His family was sardar (lit. chief) of the Sang-e-Masha administration of Jaghori Hazara tribe and Musa was the eldest son of Yazdan Khan, who was the local Hazara tribal chief and himself a descendant of Sher Ali Khan, a Hazara elder from Jaghori, Ghazni.

==Personal life==
Musa's younger brother, Mohammad Isa, was born in 1911 and died in September 1963. His third brother, Mohammad Ishaq, was born in 1914 and died in September 1974. Ishaq started his career as a Sub-Inspector Police and was promoted as an Inspector and resigned of Polce Service and started his own business.

Musa married his first cousin, Gulshah and they had six children. Their first child, Mohammad Ismail, was born in the spring of 1930 and died of pneumonia at eight months old. Their second son, Mohammad Ibrahim, was born in June 1932 and died in Karachi on 19 July 1969. Their eldest daughter, Uzra, was born in Quetta in May 1939 and married Sharbat Ali Changezi. Their second daughter, Maryam, was born in the winter of 1946 and the youngest, Zainab, was born in January 1949. Their son, Hassan, was the victim of a target killing in Karachi in 1998.

In his book, Musa wrote about his son Mohammad Ibrahim and said: "His demise was a great blow to the whole family.
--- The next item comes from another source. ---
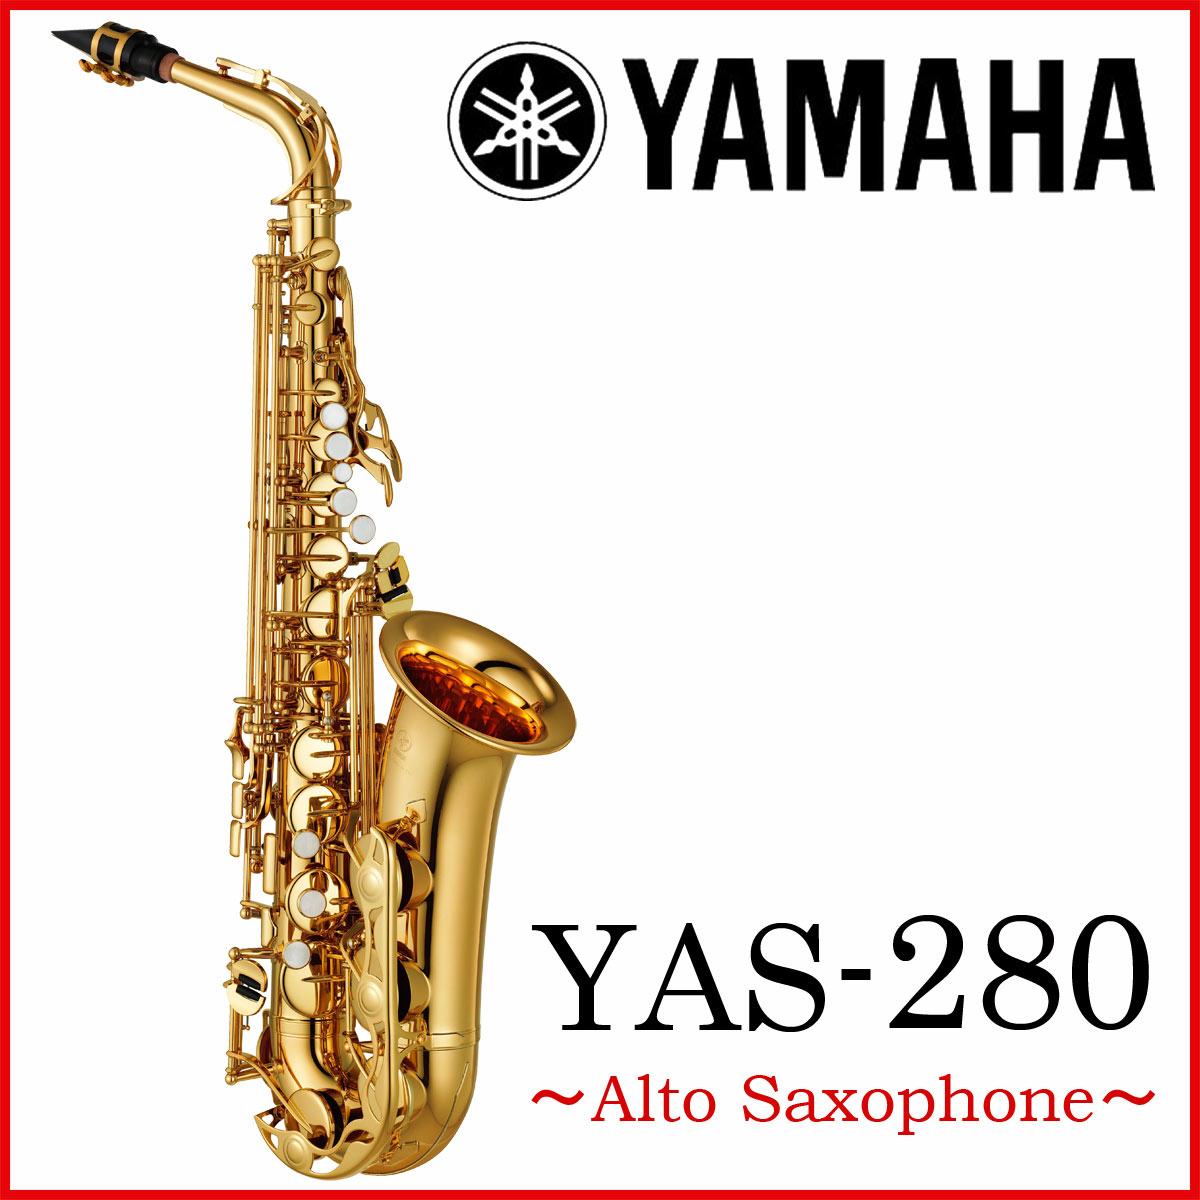 YAMAHA YAS-280 アルトサックス 入門用 限定タイムセール 《出荷前調整》《5年保証》 エントリーモデル メーカー公式ショップ 横浜店

It took me and my wife very long to recover from it". Musa further wrote that Ibrahim used to look after his own agricultural land and was a good golf player, having won the Pakistan National Championship in 1962 and two other major tournaments in the country.

== Early military career ==
After his schooling, he was recruited to the British Indian Army as a Jawan in 1926 and eventually joined the 4th Hazara Pioneers after being promoted as the Naik – a non-commissioned officer in the British Indian Army. He was selected to join the Indian Military Academy (IMA) at Dehra Dun as a cadet in October 1932. The first batch of IMA, known as "The Pioneers", also produced India's first Field Marshal Sam Manekshaw, and Smith Dun, the future commander-in-chief of the Burmese Army.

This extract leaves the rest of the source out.